On passe de merveilleux villages indigènes, avec des clôtures
de pins et de belles fleurs jaunes. Sur le bord de la route, il y a
le plus attachant des petits cochons poilus. Cette grosse boule de poils
nous fait un sourire gentil avant que nous reprenions la route. Puis,
la pluie tombe, nous sommes mouillés et congelés.
Un
comedor nous aguiche vers son savoureux pollo en mole et café
chaud. Les serveuses et cuisinières portent ces jupes de poils
noirs attachées par une ceinture fléchée. Avant
de repartir, nous achetons des pêches à des enfants, vendeurs
ambulants. Nous sommes maintenant réchauffés et nous continuons
en traversant de petits villages. Après quelques crampes intestinales,
nous décidons de chercher un spot de camping. On rentre dans
une allée fermée par une barrière et nous campons
sous des arbres épineux qui représentent une menace suprême
de crevaison. On lit. Je chie bizarre et je suis fatiguée, plus
que d’habitude. Francis se tourne au moins mille fois durant la
nuit et moi je dors bien.
Boîte à savon
3 août 2004
Nous nous réveillons assez tard dans nos habits de ver nu lorsqu’un
groupe d’une bonne quinzaine d’hommes et femmes passent
devant notre tente riant en parlant en langue inconnue maya (ils ne
rient pas parce qu’ils nous ont vu tout nu en passant! On avait
le couvre-tente). C’est mon jour de chance, je n’ai pas
de crevaison. Pendant notre application de crème solaire un homme
et son fils nous espionnent scrupuleusement et une boîte à
savon traverse la route à toute allure. On croise des gens sur
la route qui marche pour aller travailler. De loin, avec le chapeau
et les outils, nous avons l’impression que se sont des vieillards,
mais de proches, ils s’avèrent plus jeunes que nous. Le
paysage est beau. C’est plein de côtes.
Nous
arrivons à Comitan assez tôt dans la journée avec
un 20km de moins que ce qui apparaît sur notre carte! Nous descendons
la longue pente qui mène vers le centre-ville, souffrant mentalement
à l’idée de la remontée. Nous nous rendons
au marché pour faire le plein. Francis garde les vélos,
alors que je me faufile, seule blanche à l’horizon, à
travers les stands de viandes avec mouches et les légumes frais.

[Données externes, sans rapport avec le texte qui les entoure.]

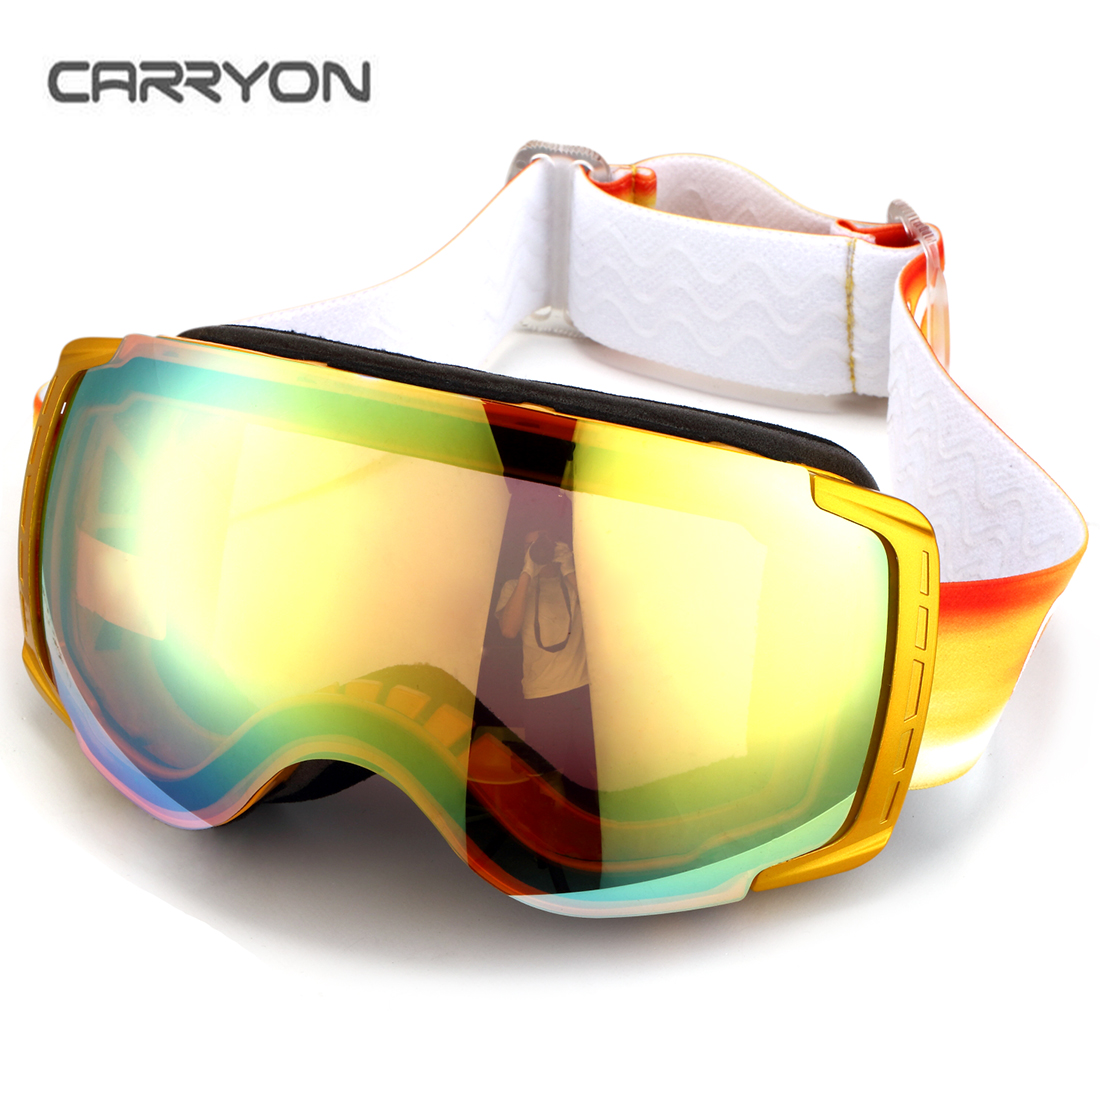 Carryon Authorized Snowboard Ski Goggles Anti-fog UV Protect OTG Over Glasses Skiing Snowmobile Gold
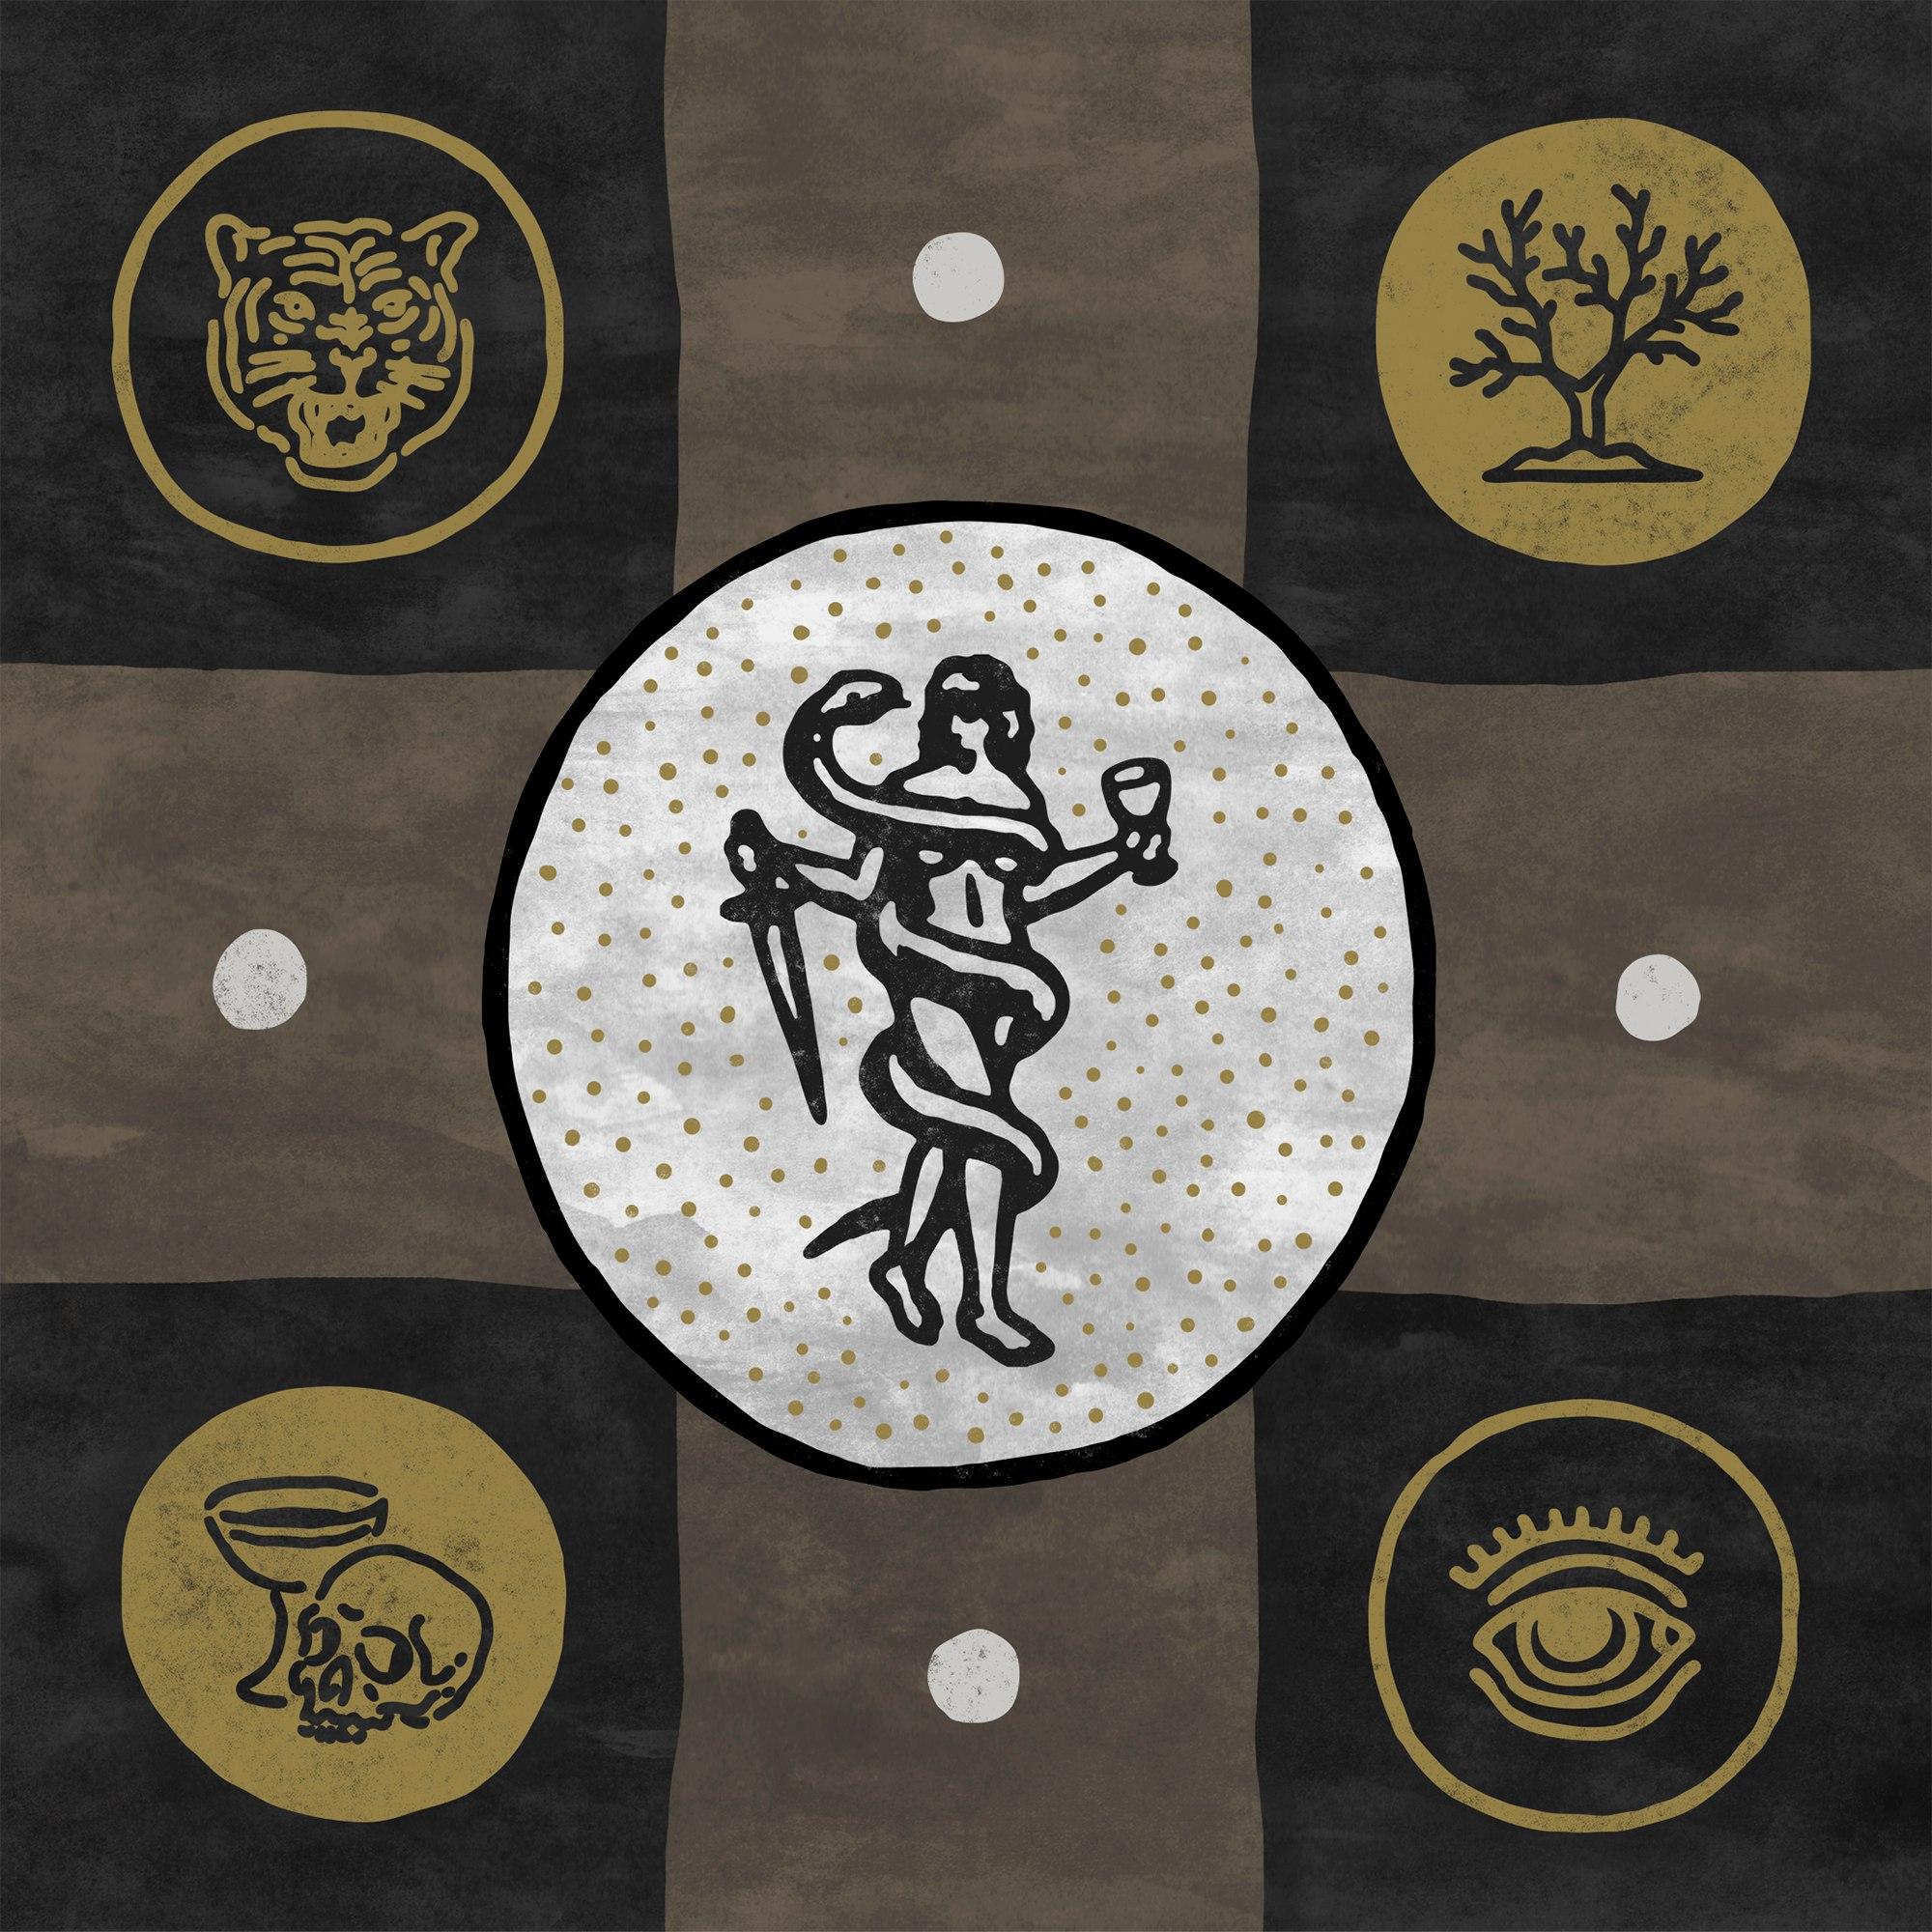 Новый альбом The Jack Wood - Ritual

Les gens sont sympathiques et accueillants. Je sors avec les provisions
et nous cherchons avec urgence un désaltérant. Après
avoir fait le tour 10 fois, nous finissons par boire un fresca chez
le resto de poulet frit au plancher glissant de graisse. Fatigués,
moi avoir nausée depuis San Cristobal, nous décidons de
prendre un hôtel à 100pesos. La chambre semble propre mais
la salle de bain pue la marde. Investiguant la poubelle de la toilette,
j’y découvre la source de ce tendre arôme de chambre
à l’hygiène douteuse. Rien n’est parfait,
la marde pue.
Selon
les conseils d’un résident de San Cristobal, Comitan est
bien connu pour son pan compuesto (pain composé). Toujours à
l’affût de nouvelles découvertes culinaires, nous
avons arpenté le centre-ville en quête de ce plat typique.
Avec du porc et des petites carottes marinées, le pain composé
nous a laissé sur notre faim. Nous visitons un autre endroit
et je prends ce qui devait être un poulet fumé aux légumes
selon le mari de la cuisinière. Ça s’avère
être une giblotte style gaspésienne avec un poulet frit,
jambon, saucisse à hot dog et frites, le tout baignant dans une
épaisse sauce brune servit sur une table crâsseuse. La
journée s’est terminée avec un air de nostalgie
d’un chez moi, d’une salade et d’une bonne hygiène,
sachant quand même que demain sera un autre jour!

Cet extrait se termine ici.